UK tech sector hit by skills drop  

The report found that the UK’s technology sector had been the hardest hit by the fall in applications, with the number of non-EU skilled workers applying to enter the UK industry falling by 17 per cent, from 23,700 in 2015-16 to 19,700 in 2018-19.Manufacturing also saw a drop of 14 per cent of applications from outside the EU, with the report pointing out that, in a survey last year by the British Chambers of Commerce, 81 per cent of manufacturers said they had difficulties finding staff.“Being able to out-compete rival economies for talent is one of the reasons the UK has become a global fintech hub in the last decade," says Mr Lisle. "If we want to take a similar position in areas like AI, automated vehicles or advanced manufacturing, it’s vital that the government makes sure the UK retains its ability to attract the world’s best after the EU transition period ends.”

Actively developing home-grown talent

The report said the fall in overseas applicants highlighted the importance of the UK developing a home-grown workforce with the right skills. “The pipeline of talent for UK business is a fundamentally important need for British business.

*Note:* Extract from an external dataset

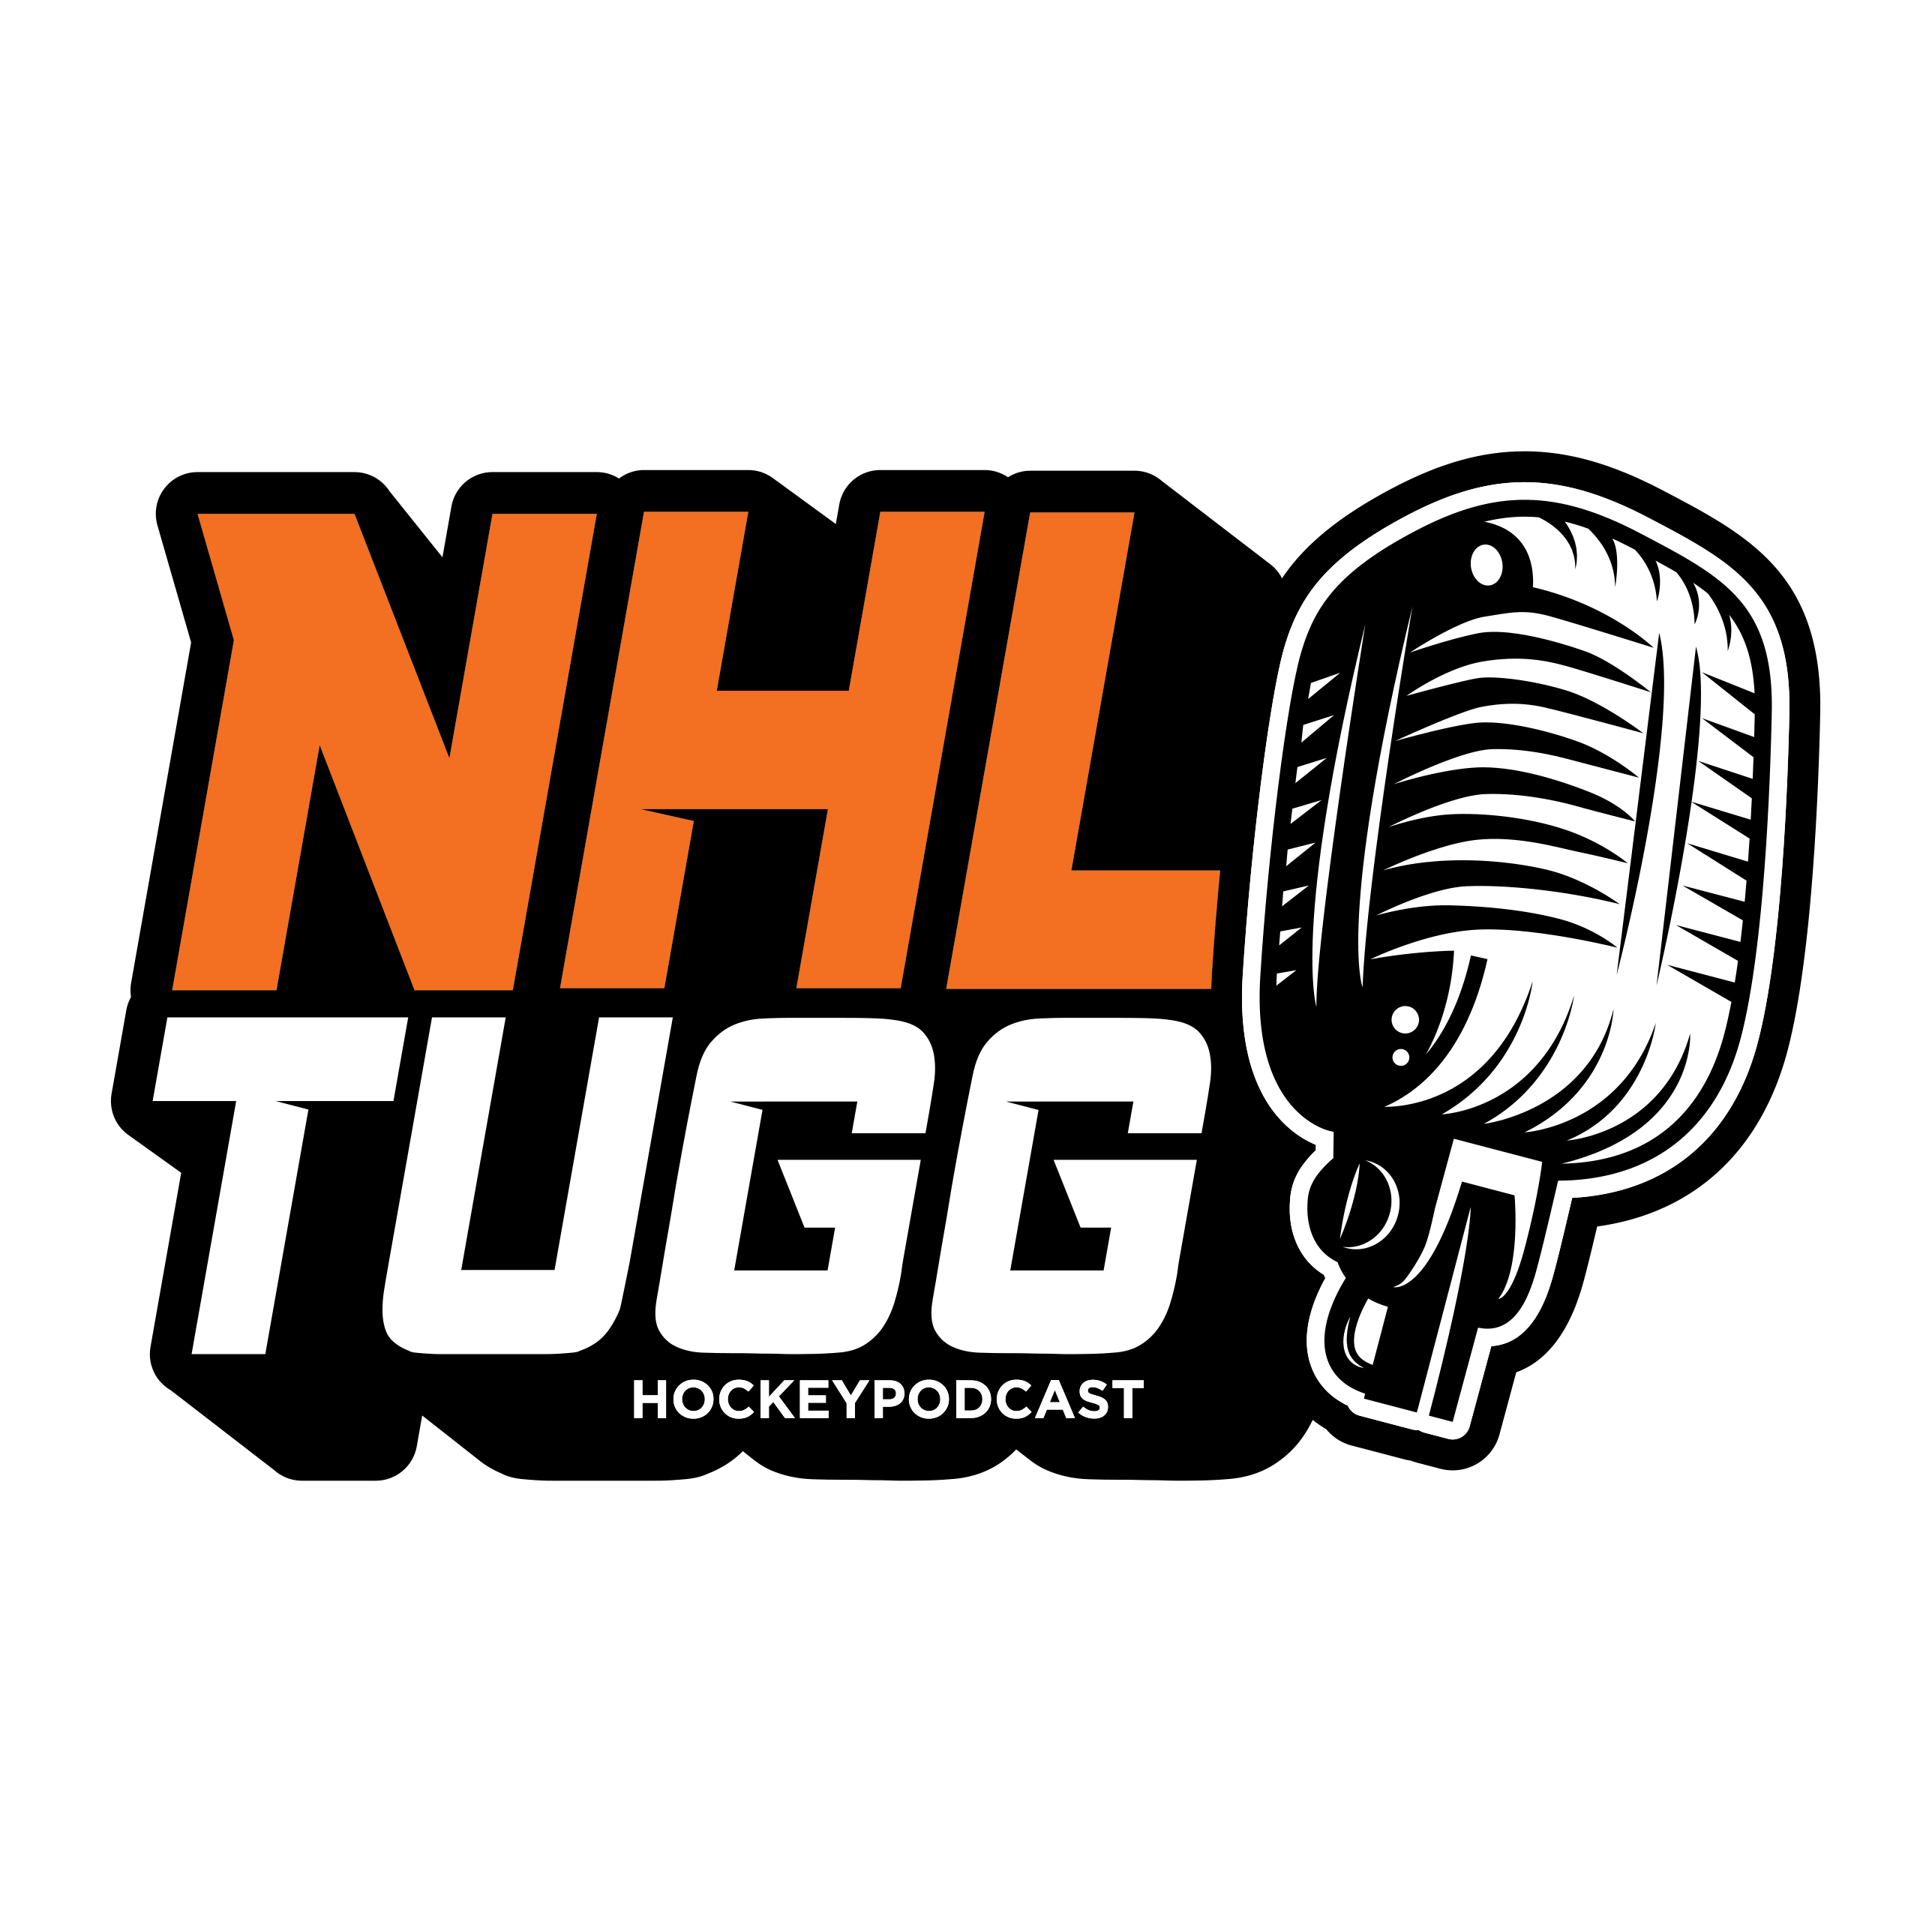 NHL-Tugg avsnitt 98 ”Han ser ut som en Norris-kandidat”

Businesses should take an active role in working with the education sector to engage with students and unlock the talent that we have to deliver sustainable economic success," says Mr Lisle. “Providing mentoring programmes and working with schools to deliver better careers advice are easy wins to engage students in the right subjects and sectors.” The report also welcomed the government's decision to reintroduce the two-year, post-study work visa for foreign graduates in STEM subjects at UK universities.